As we make our way onwards through September, a growing body of data has emerged on how colleges and universities have handled COVID-19. This has ranged from shifts to virtual classrooms to strict quarantining procedures to hybrid models. It’s a nerve-wracking process for everyone involved, and it’s a case where most decisions come down to a choice between the least bad of several options.
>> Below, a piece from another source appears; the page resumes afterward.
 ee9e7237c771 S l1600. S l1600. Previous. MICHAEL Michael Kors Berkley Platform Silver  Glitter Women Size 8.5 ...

What’s going on right now at Michigan State University looks to be a cautionary tale for larger institutions. Since August 24, 342 people have tested positive for the coronavirus, and that’s prompted the local health department to make a bold request: all students must self-quarantine for the next 2 weeks.
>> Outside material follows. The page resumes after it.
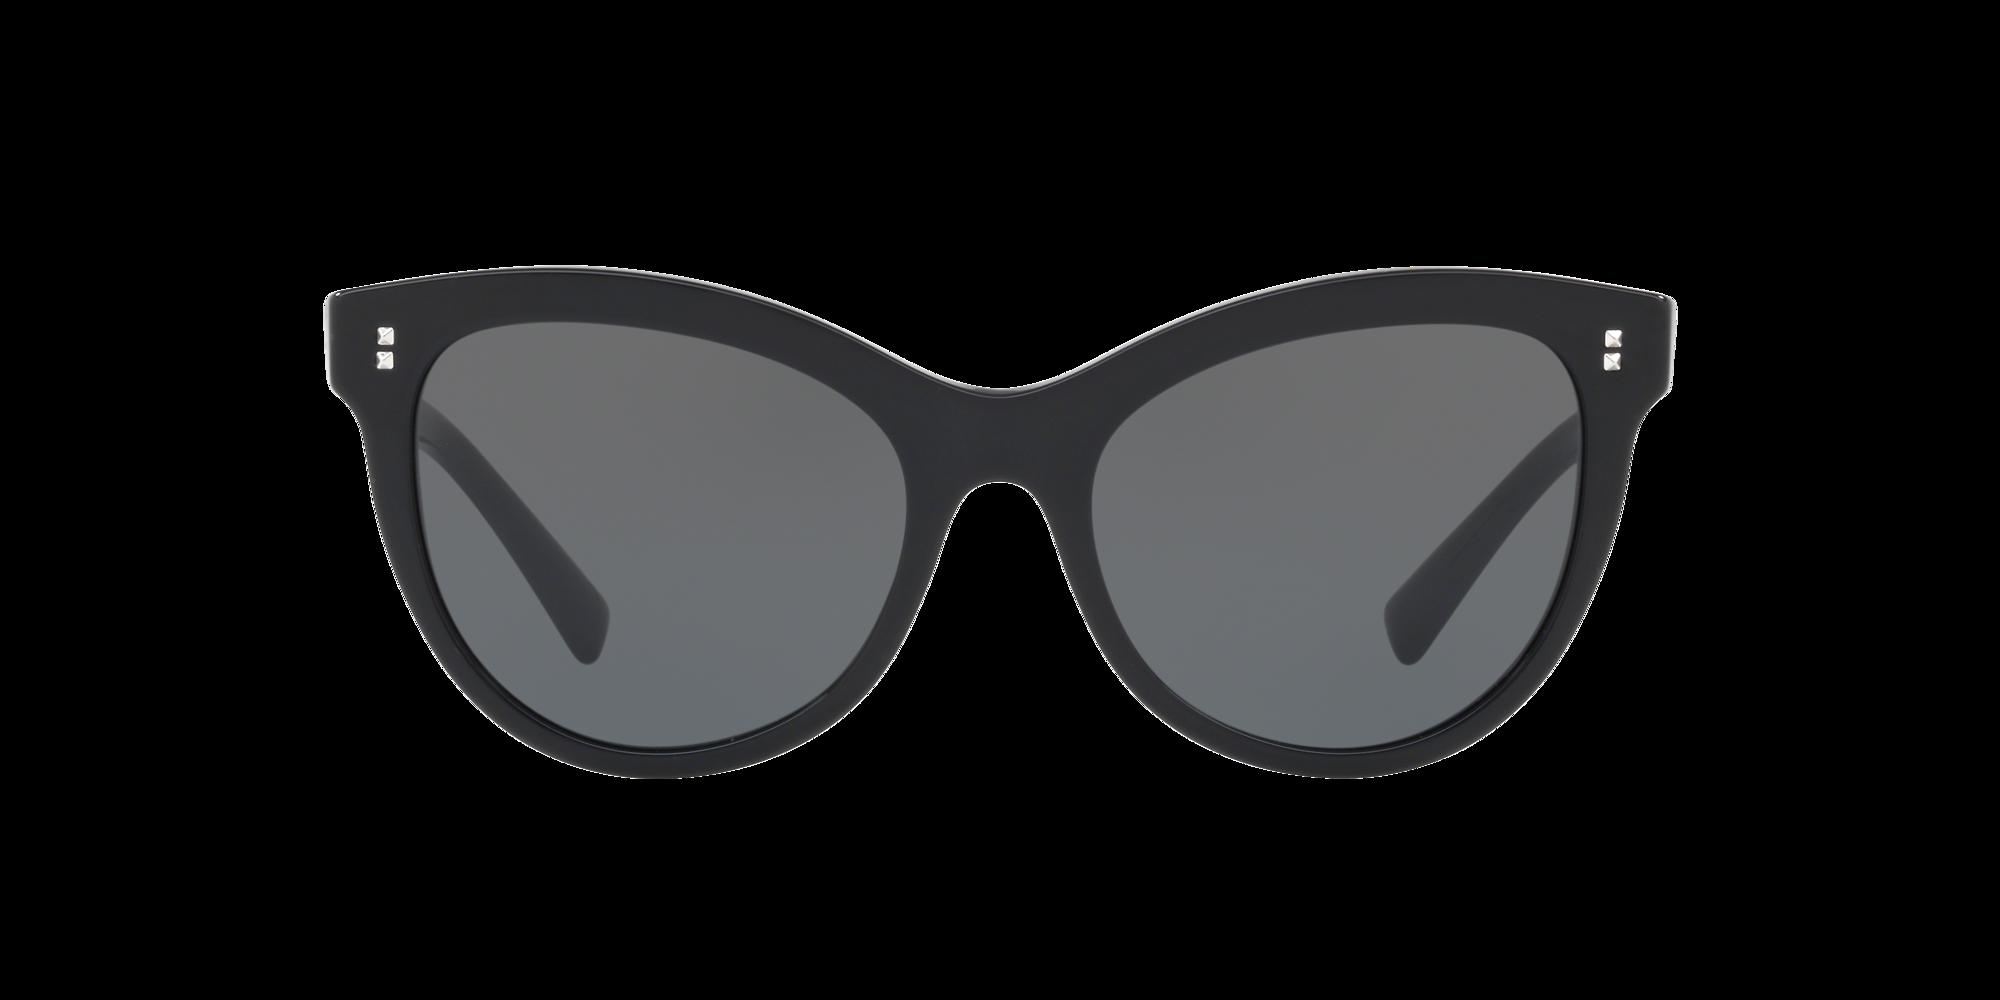 Image for VA4013 54 from LensCrafters | Glasses, Prescription Glasses Online, Eyewear

An ABC News report on the quarantine has more of the specifics that led to this decision. Information released by the Ingham County Health Department noted that a third of the people who had tested positive had attended social events not long before being tested.
Linda S. Vail of the Ingham County Health Department spoke about the effects of coronavirus on both the university and the larger community. “I am concerned about the health and safety of the MSU community, and importantly, I am seriously concerned that unchecked transmission locally will affect the health and safety of all Ingham County residents,” Vail said in a statement.
The self-quarantine is slated to run through September 26. According to the article, around 1,200 students are currently living in apartments on campus, and just shy of 2,000 are living in dorms. Even with a greatly reduced student population, the pandemic has taken hold — a unsettling dispatch from a high-profile university.